2. **CRC-detected partial writes** — the checksum over the block header and payload detects any block that was partially overwritten before a crash.

On `open`, the file is scanned for *orphaned* blocks (allocated but not reachable from either the active list or any free list). They are silently reclaimed.

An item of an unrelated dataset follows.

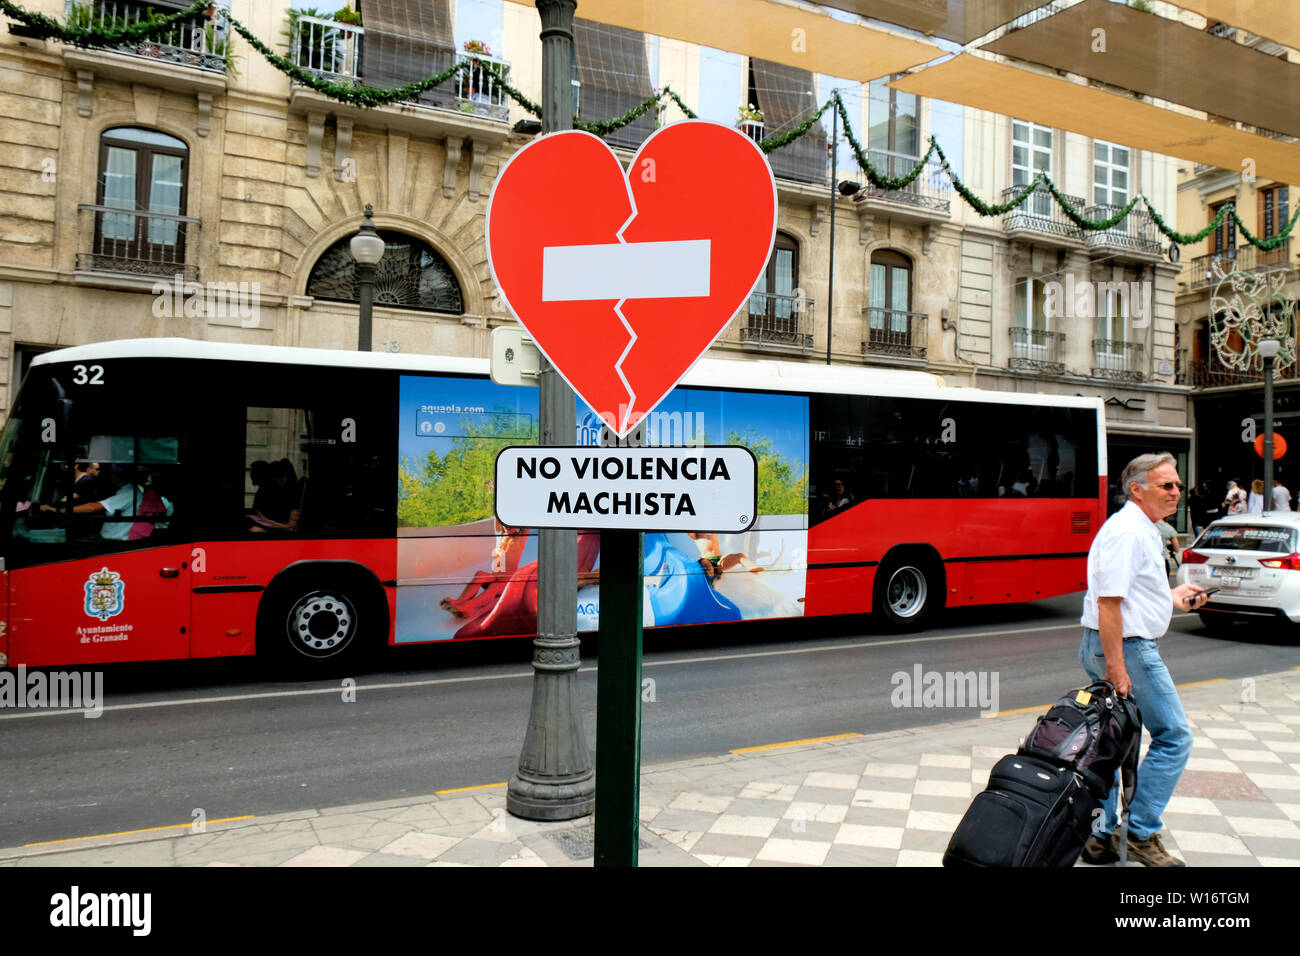 Segno a forma di cuore spezzato la supplica per porre fine alla violenza di genere nel centro cittadino di Granada, Spagna; 'no violencia machista" (nessuna violenza maschilista). Foto Stock
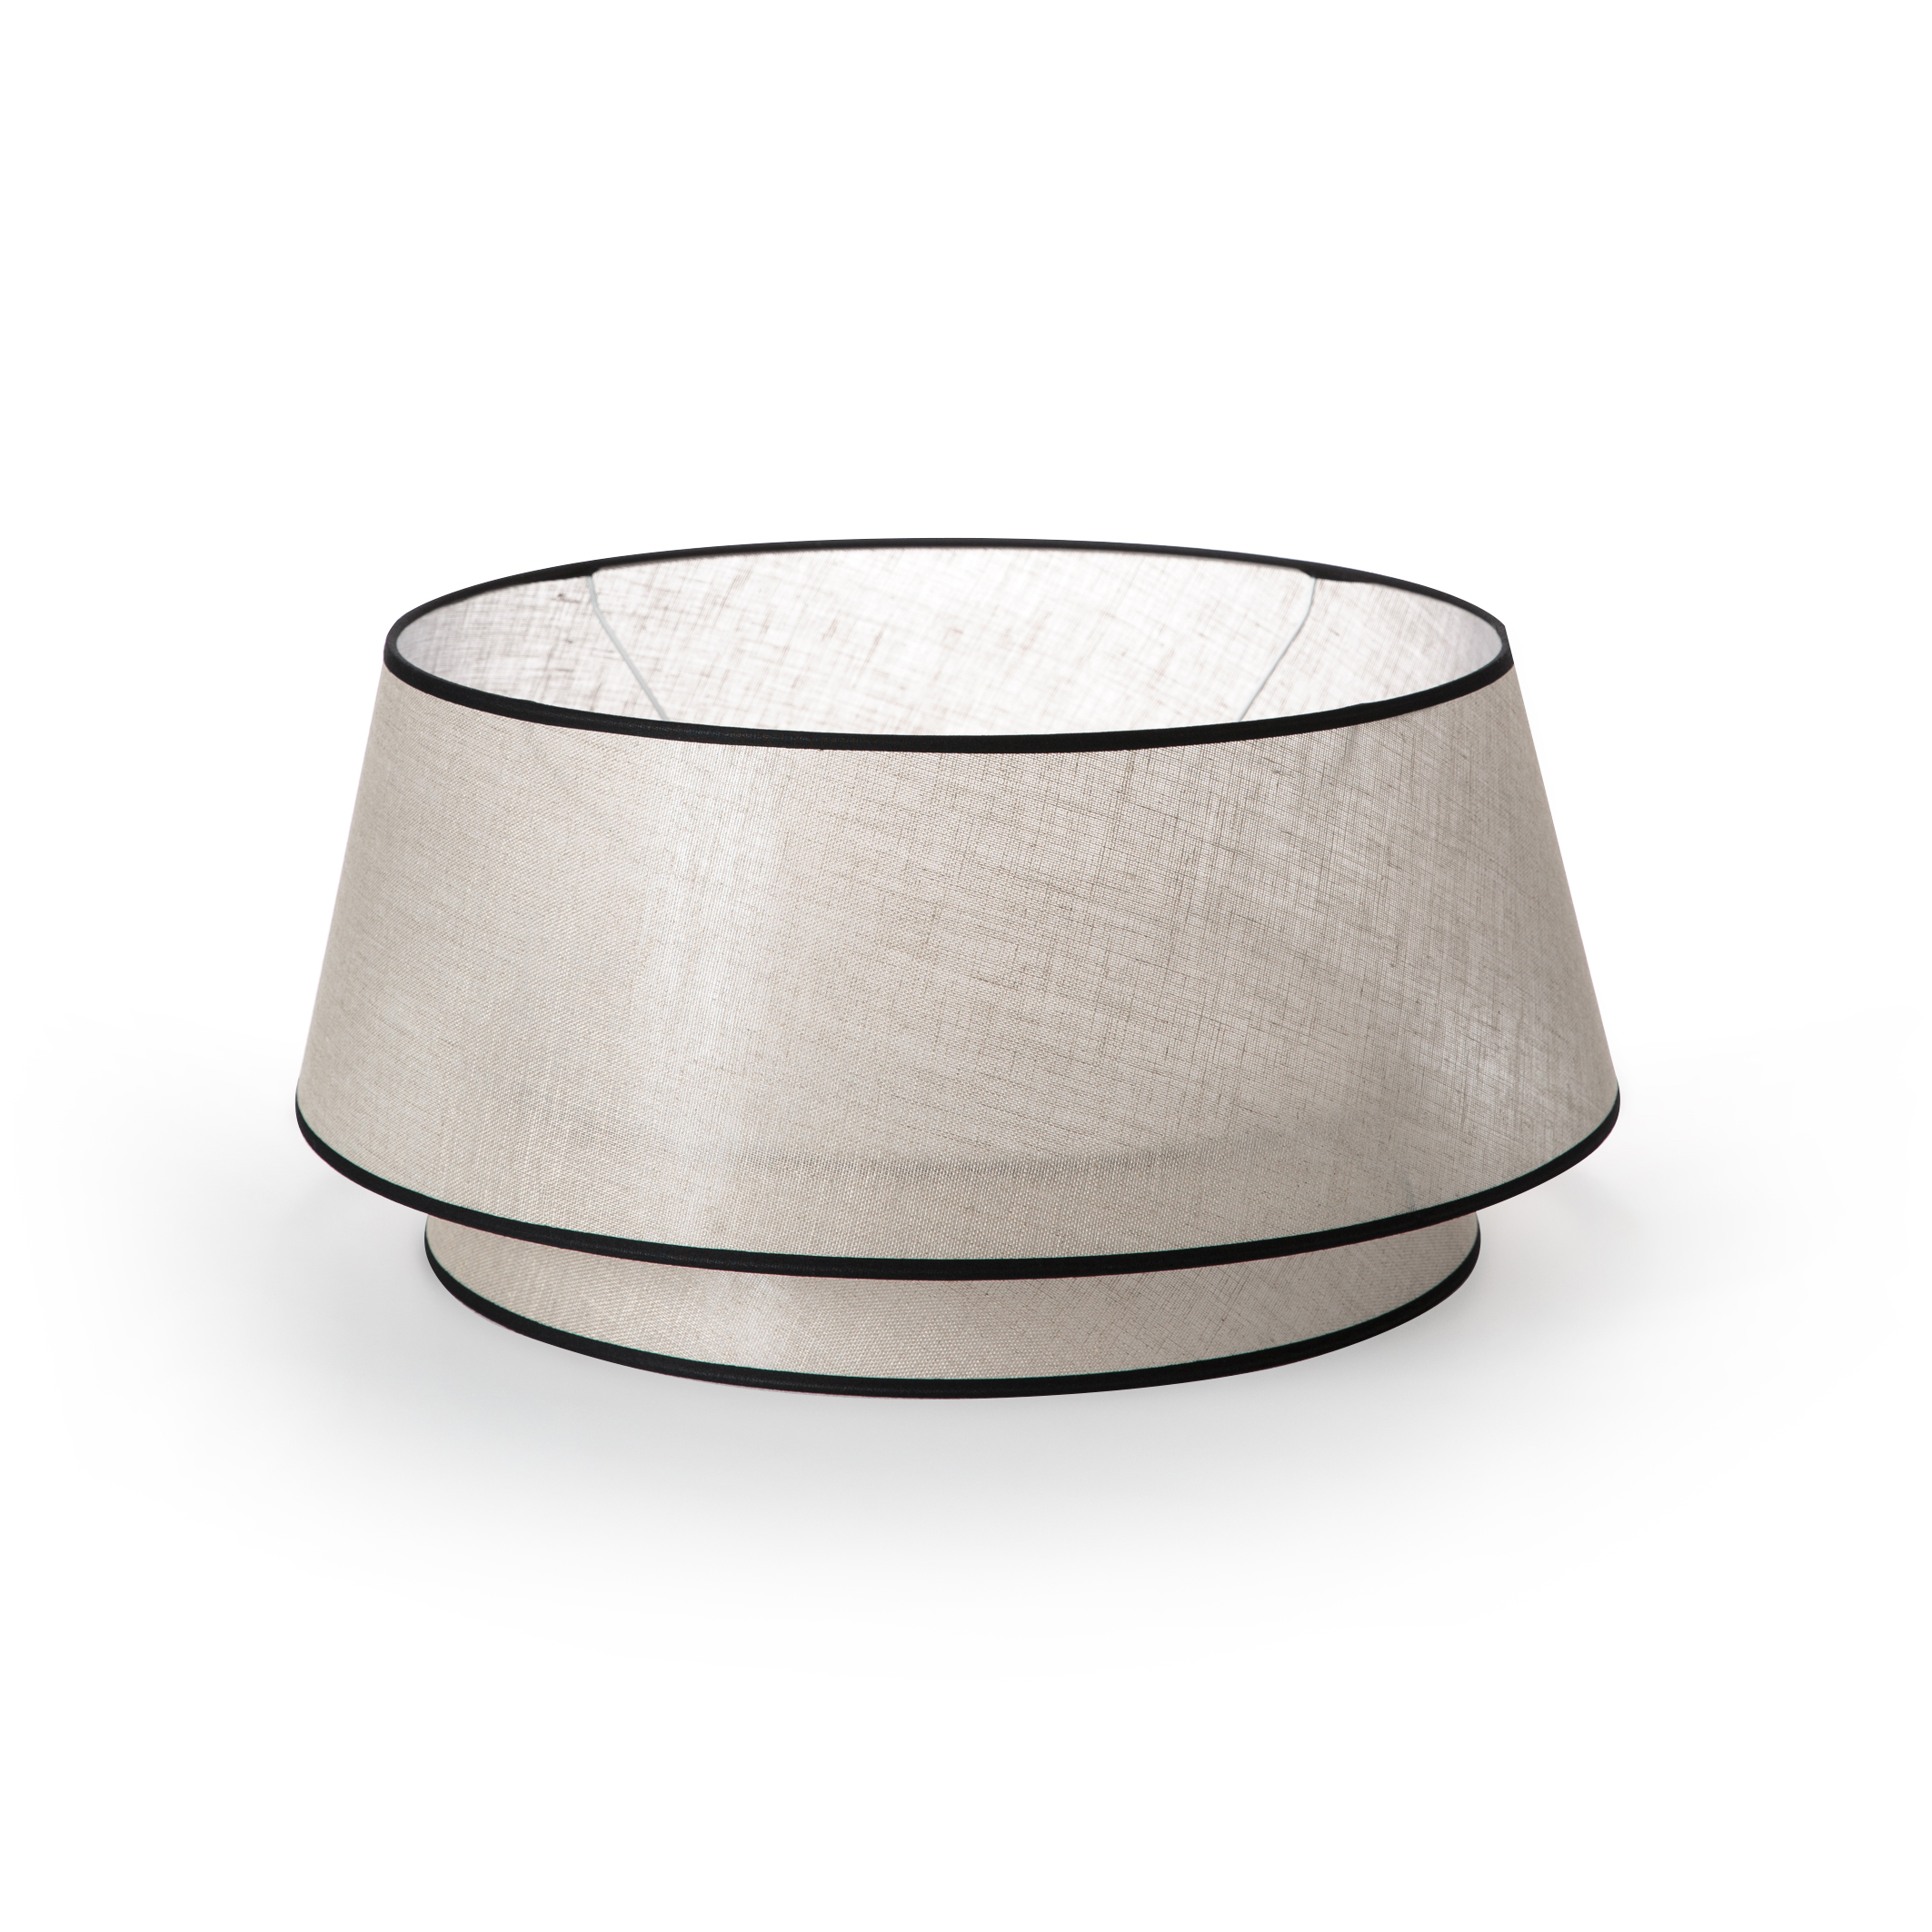 Prune rétro géométrique handmade imprimé tissu lampe tambour abat-jour 516

| Crash point | Effect | Recovery |
|---|---|---|
| During `alloc` (file grow) | Block exists but is in no list | Reclaimed as orphan on next `open` |
| After `alloc`, before `push_front` links it | Block written but root not updated | Reclaimed as orphan on next `open` |
| After `pop_front` advances root, before `free` | Block exists but in no list | Reclaimed as orphan on next `open` |

No data that was fully committed (root updated) is ever lost.

---

## Choosing the right type

| | `FixedBlockList` | `DynamicBlockList` |
|---|---|---|
| Record size | Always the same | Varies |
| On-disk overhead per block | 12 bytes | 20 bytes |
| Free list | Single flat list | 32 power-of-two bins |
| Orphan scan | O(n) slot enumeration | O(n) sequential scan |
| File magic | `"BLLS"` | `"BLLD"` |

### Choosing `PAYLOAD_CAPACITY` for `FixedBlockList`

- Minimum: `1`
- For small records: `52` (64 bytes on disk), `116` (128 bytes on disk)
- For larger records: set to your typical payload size directly
- `PAYLOAD_CAPACITY = 0` is rejected at compile time

---

## Direct file access — use with extreme caution

Both list types produce valid BStack files, so you can open them with
`bstack::BStack::open` or inspect the raw bytes with any file tool.
**Writing to the file outside of `bllist` is strongly discouraged.**
`bllist` does not re-validate structural invariants on every operation, so
direct writes can silently corrupt the list in ways that are not caught until
much later — or not caught at all.

Specific dangers:

| Operation                          | Risk |
|------------------------------------|------|
| `BStack::push`                     | Appends raw bytes that are not a complete, aligned block; breaks slot enumeration and orphan recovery |
| `BStack::pop`                      | May truncate a block mid-stream or destroy the list header |
| `BStack::set` at header offsets    | Overwrites root or free-list / bin-head pointers |
| `BStack::set` inside a block       | Invalidates the block's CRC; `read` will return a checksum error |
| Raw file writes (`write(2)`, etc.) | Bypasses the advisory lock entirely; any of the above, plus potential torn writes |

**The exclusive advisory lock** (`flock` on Unix, `LockFileEx` on Windows)
held by a live list prevents a second process from opening the same file
through BStack simultaneously. It does **not** prevent raw file
descriptor access, so a process that opens the file without going through
BStack can bypass the lock and cause corruption.

**Safe read-only inspection** is possible: open the file with
`bstack::BStack::open` and use only `get`, `peek`, and `len`. These calls do
not write to the file and will not disturb the list state. Mutating calls
(`push`, `pop`, `set`) must not be used.